While CMS cites several contributing factors, the “increases in prices for medical goods and services” impacts many people directly. This price surge has not gone unnoticed by healthcare consumers, who are already challenging the healthcare industry status quo as they read and post online reviews of providers and hospitals, search for care by quality and price, and generally push healthcare to become akin to an online retail experience.

Unfortunately, many of the systems that run healthcare today are expensive, cumbersome, outdated and rely heavily on costly and often inaccurate manual processes; nothing like their retail counterparts. If there’s to be a significant change in the future of healthcare—one that lowers costs while improving access to and quality of care—a digital transformation must be made.

The challenge inherent in building a system that involves healthcare stakeholders—care providers, payers and healthcare consumers—is deciding which areas should be influenced. A unified healthcare ecosystem, however, has but one purpose—to deliver the best, most effective and appropriate care in a cost-effective way to the patient.

Even with today’s many technologies, getting there won’t happen in a day, a month or even a year. It won’t occur by using a single methodology or solitary technology. Interoperability is needed across all healthcare stakeholders to effectively plan, execute and pay for services. The ability to view clinical data internally is deemed extremely important by 70 percent of healthcare executives, and 50 percent of those executives say its extremely important to view clinical data externally, according to a new HFMA report. Today, unfortunately, most systems don’t have the ability to talk to one another, which is why it’s so important to support the digital transformation of healthcare.

An effective way to accomplish this imposing task is by converting medical practices to fully digital organizations with the ability to accept and manage financial risk, integrate disparate software systems to improve efficiencies, build value-based care programs and optimize the entire revenue cycle.

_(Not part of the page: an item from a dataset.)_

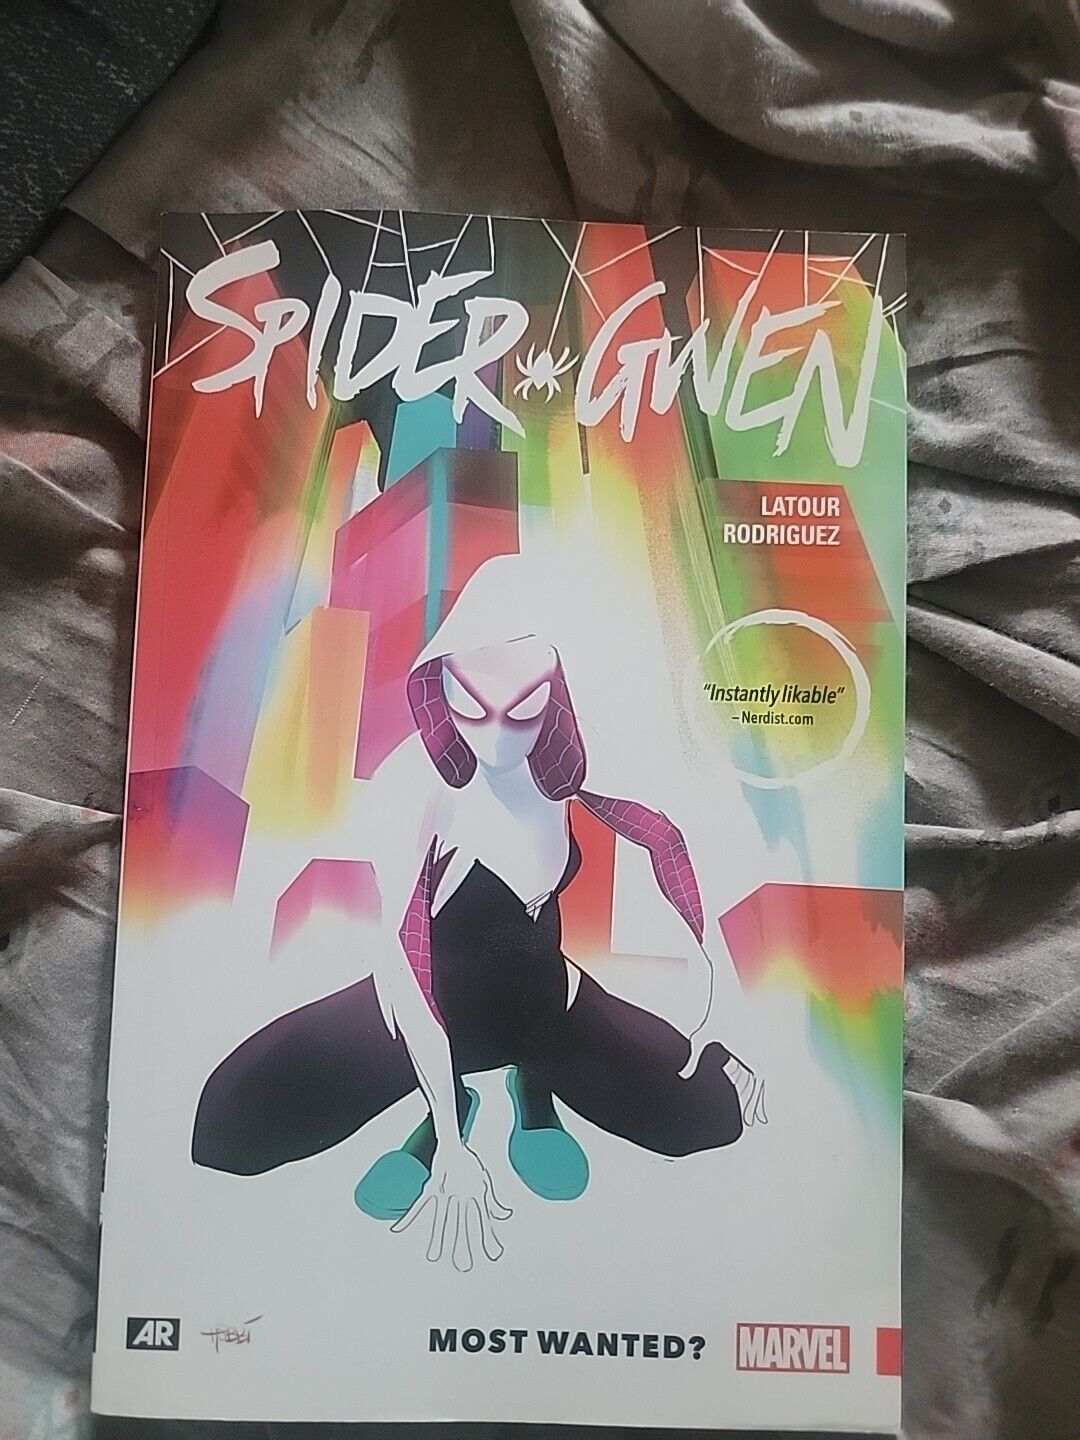 Spider-Gwen #0  Most Wanted? Marvel Trade Paperback

This plan will help providers:

  • Transform healthcare into a fully digital enterprise.
  • Increase acceptance and management of financial risk.
  • Integrate new and legacy IT systems to improve operational efficiency and stability, and improve patient outcomes.
  • Enable care and payment model transformation to establish and manage value-based reimbursement models and care programs.
  • Leverage products and services to optimize a fully electronic revenue cycle, and introduce new cost transparency and healthcare consumerism concepts.

Making the digital transformation won’t be easy, and most providers will benefit from outside assistance. Organizations that make the successful transitions will be well-positioned after they achieve digital transformation.

Whether the fully digital healthcare model emerges in the not-too-distant future remains an unknown. However, building a digital healthcare infrastructure and utilizing the myriad resources that are its foundation is a step in the right direction to help keep healthcare dollars from being wasted through inefficiency or suboptimal care.